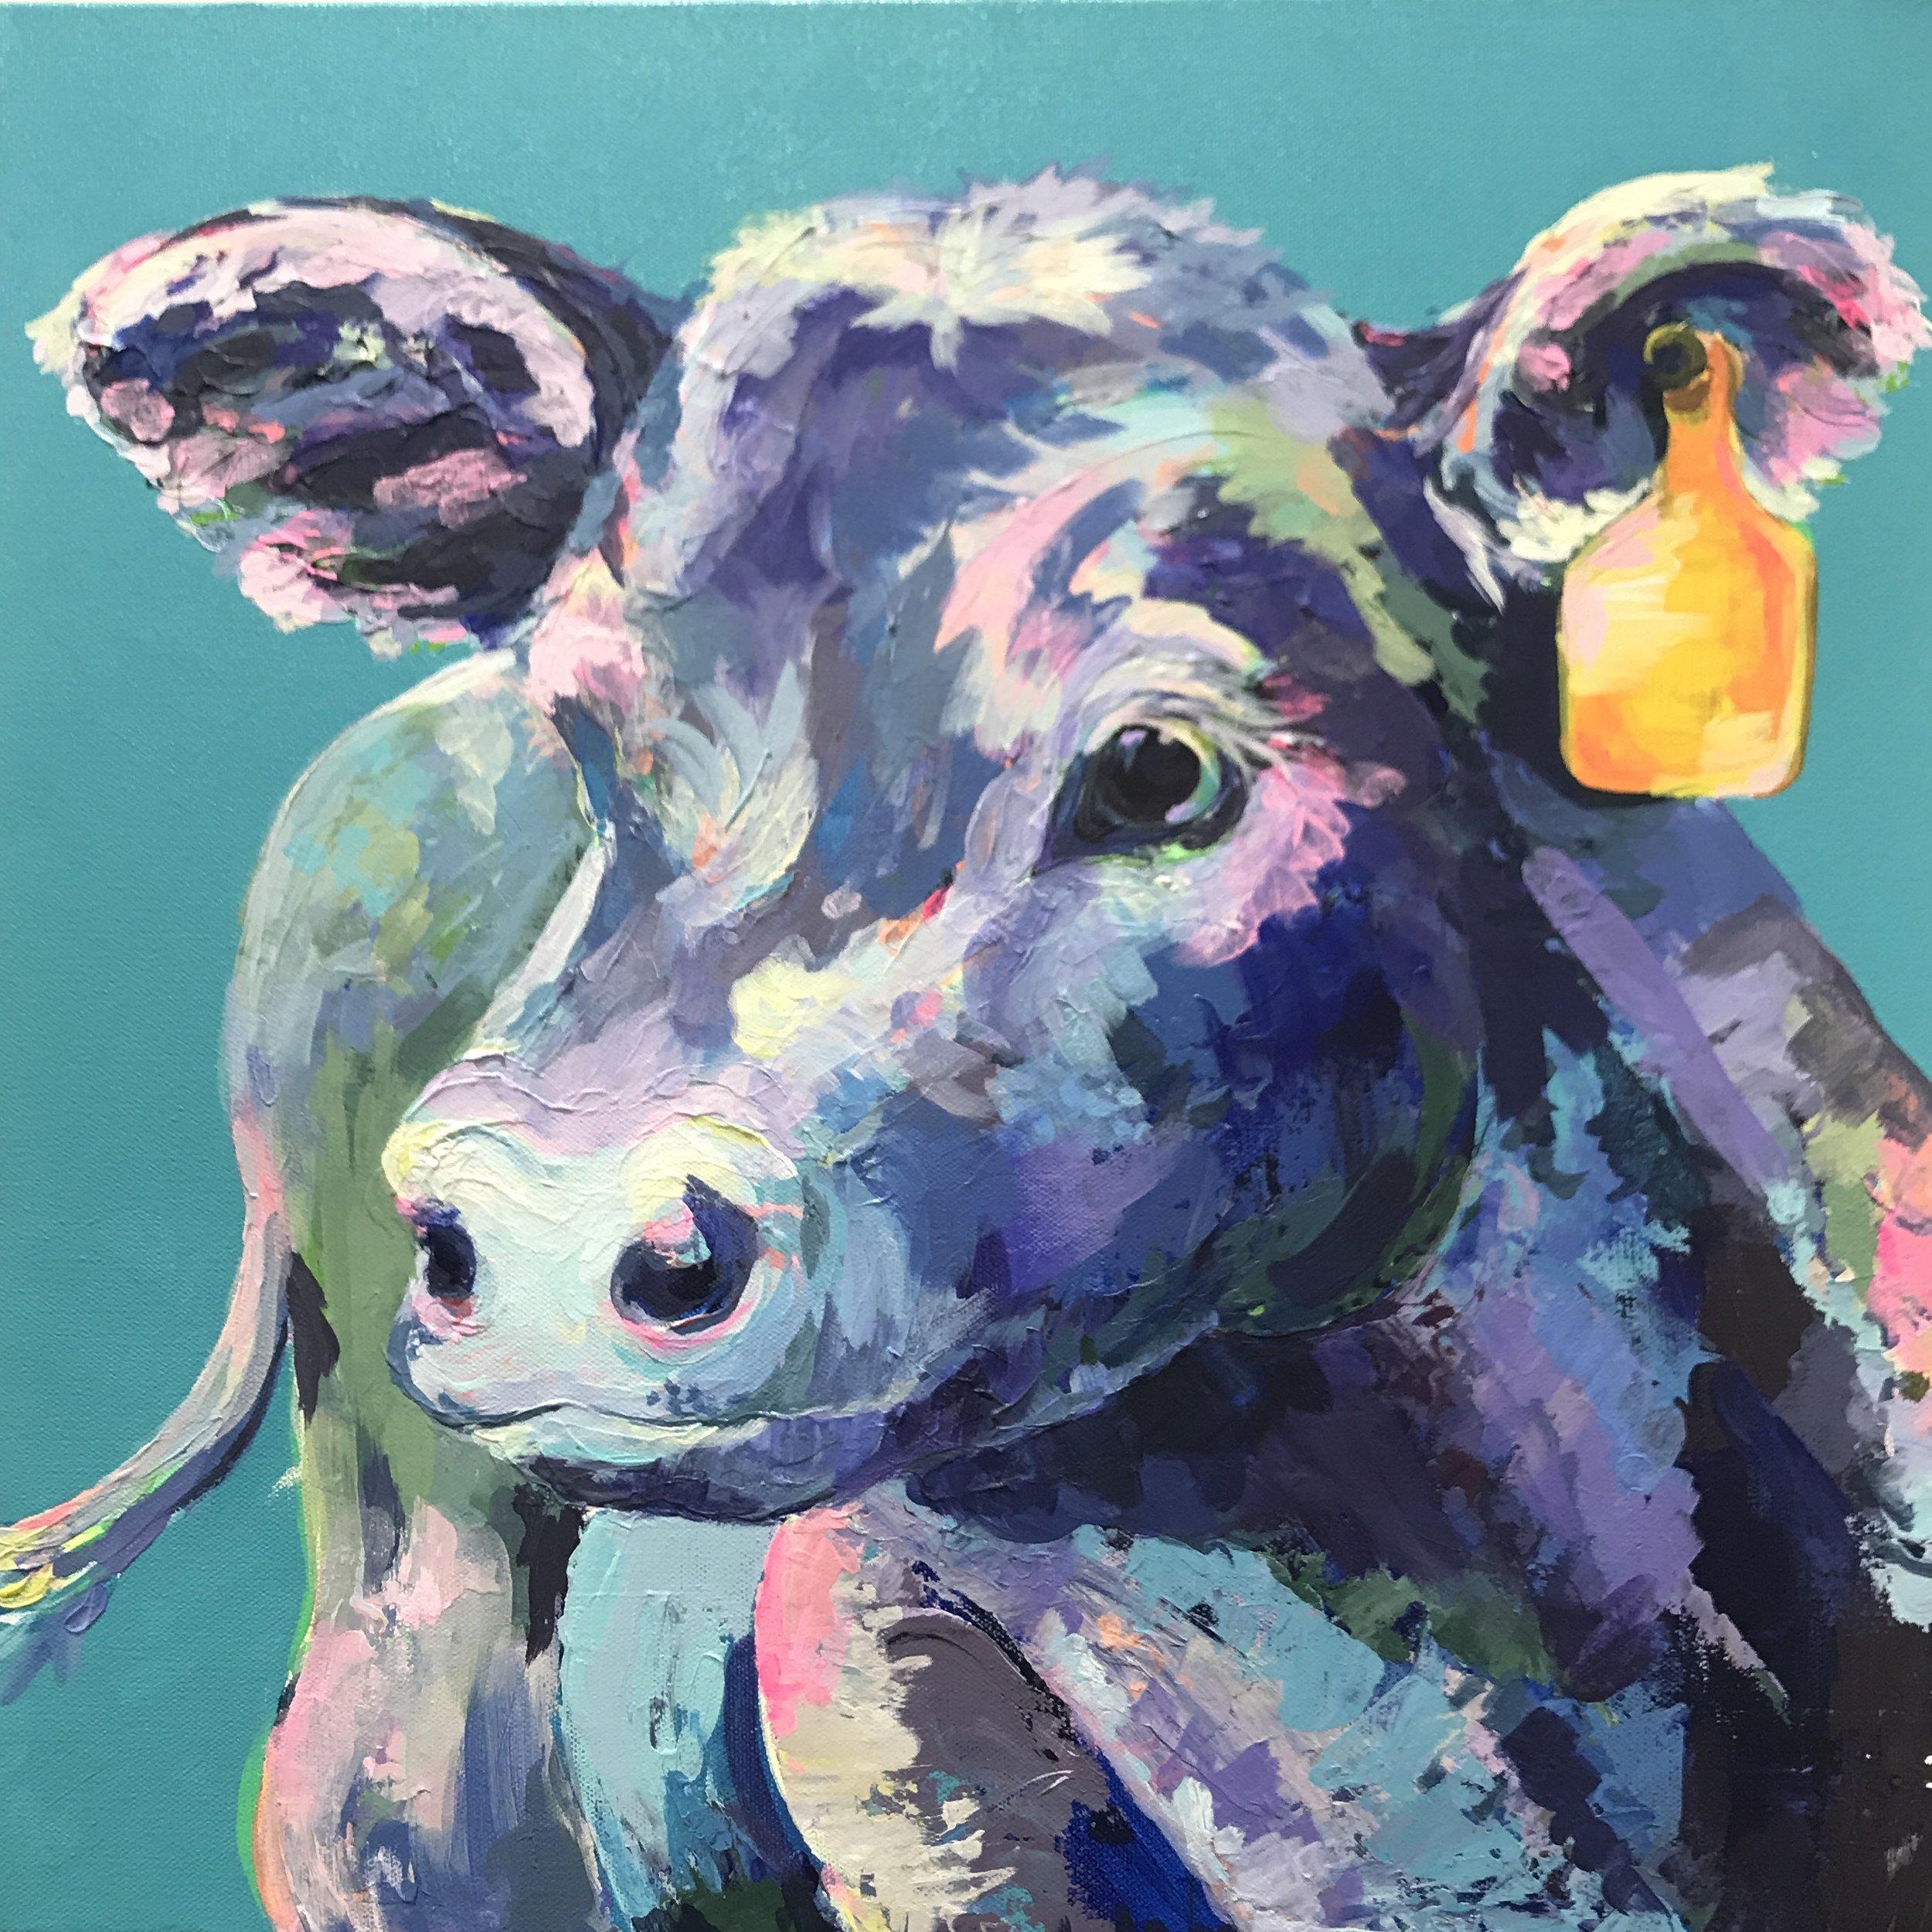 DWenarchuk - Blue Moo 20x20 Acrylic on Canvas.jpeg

--

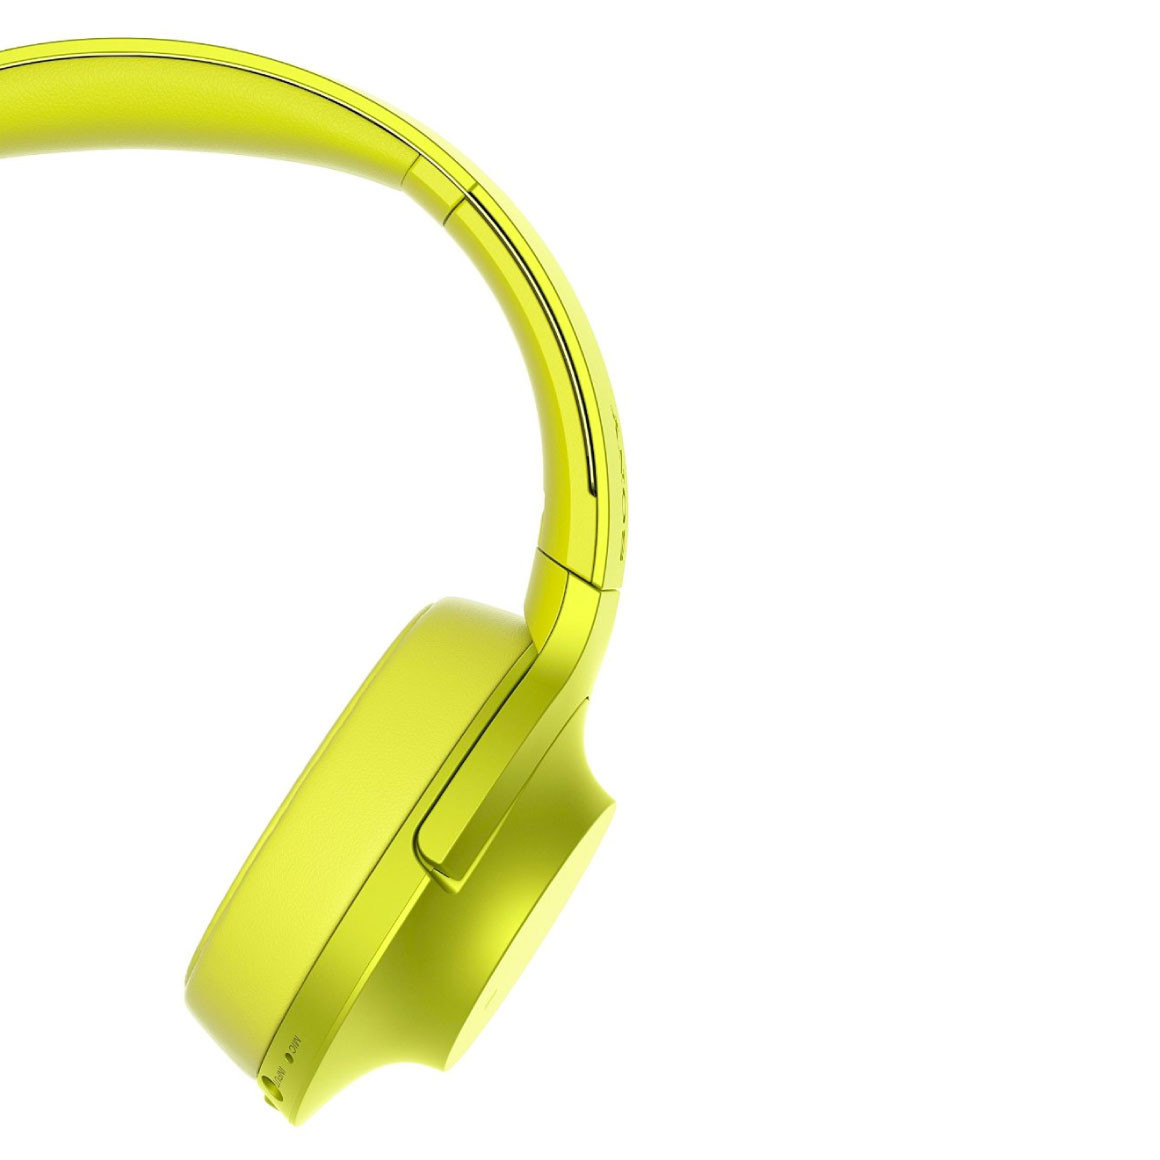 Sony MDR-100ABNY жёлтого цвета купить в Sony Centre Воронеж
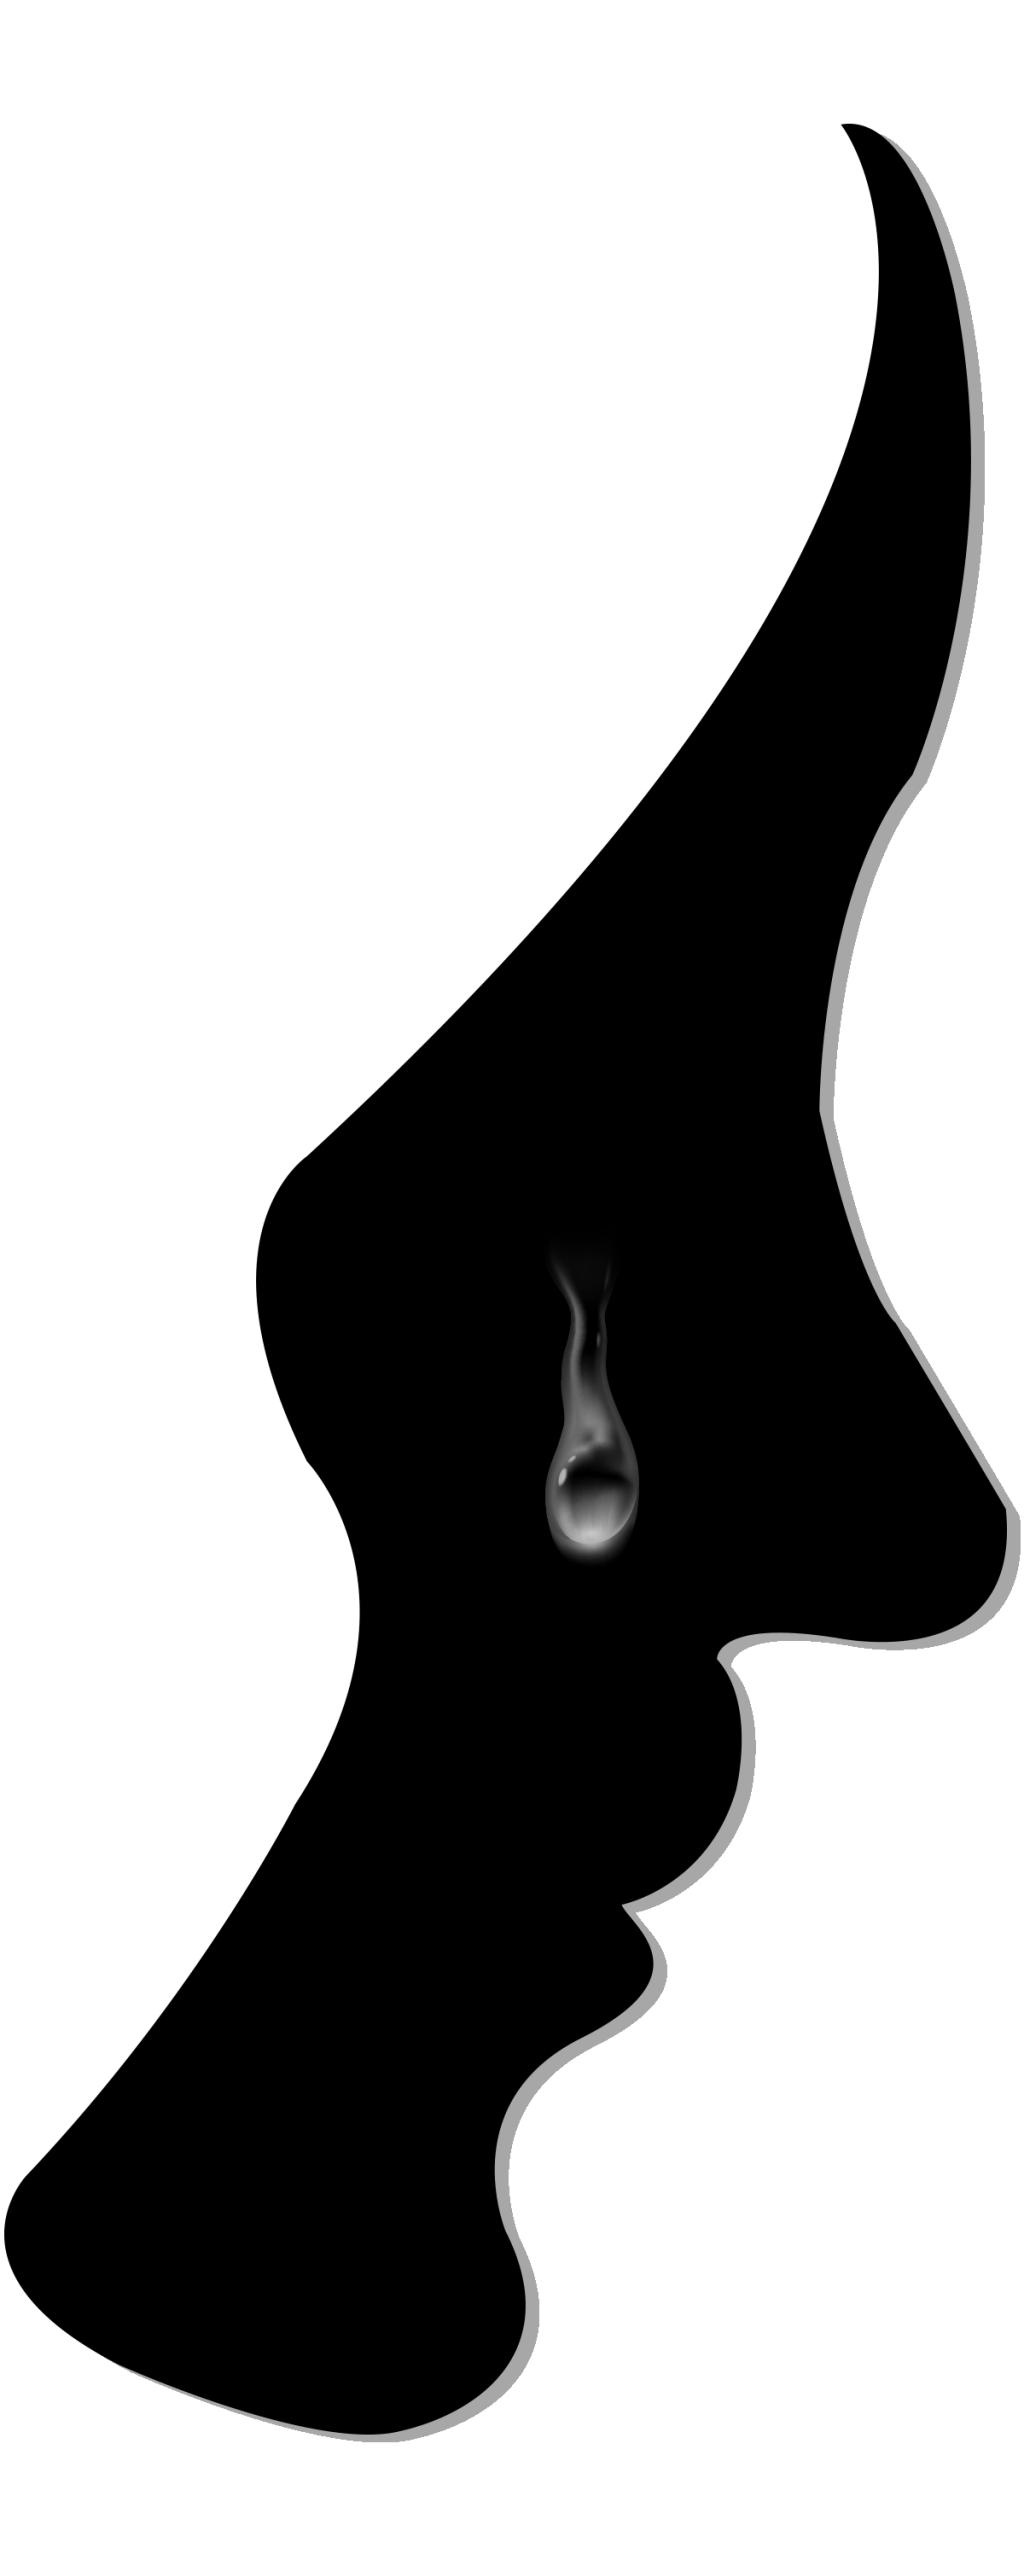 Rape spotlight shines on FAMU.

==

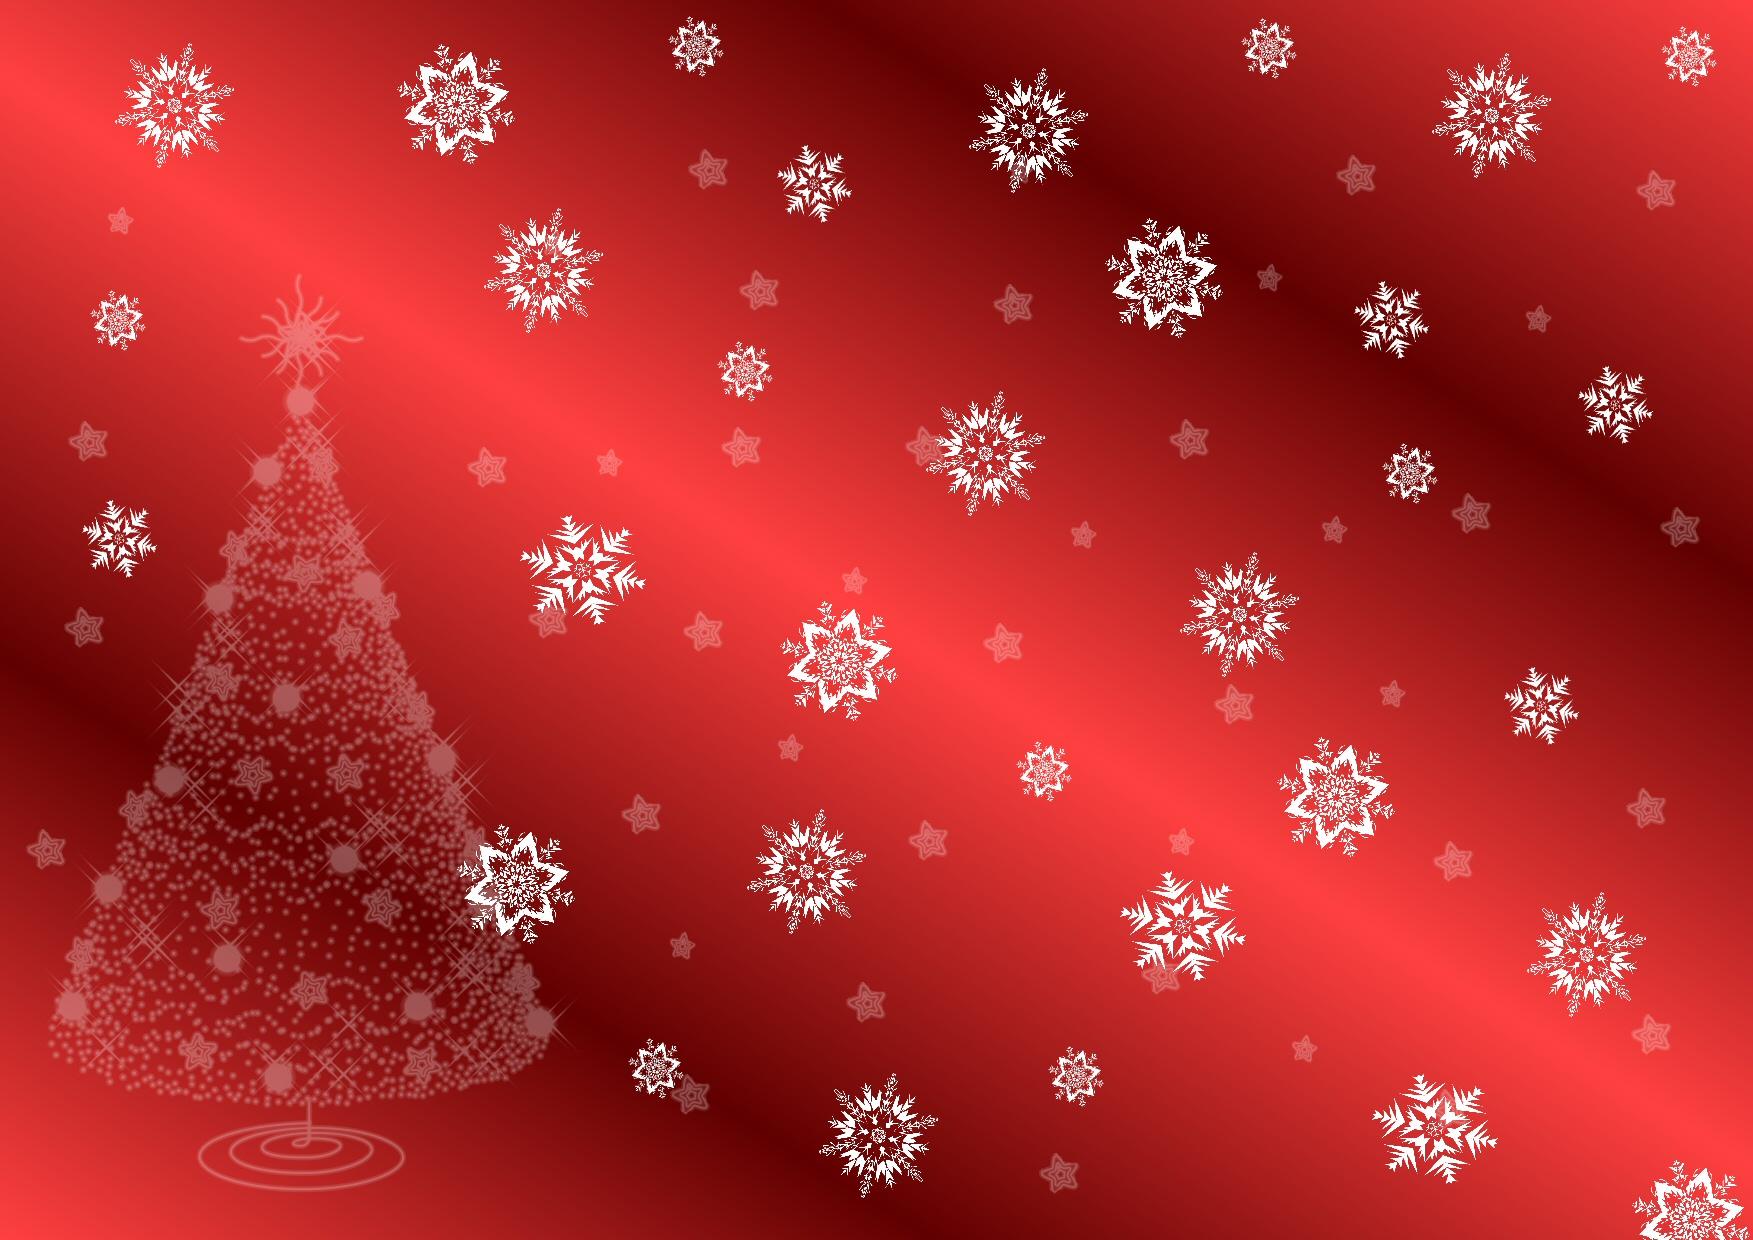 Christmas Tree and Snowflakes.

- TO DO
Copy out the listing above from the line containing "Sony MDR-100ABNY жёлтого" to the line containing "Rape spotlight shines on FAMU.", both included, exactly as written and minus the images.

- RESULT FOR THIS TASK
 Sony MDR-100ABNY жёлтого цвета купить в Sony Centre Воронеж
 Rape spotlight shines on FAMU.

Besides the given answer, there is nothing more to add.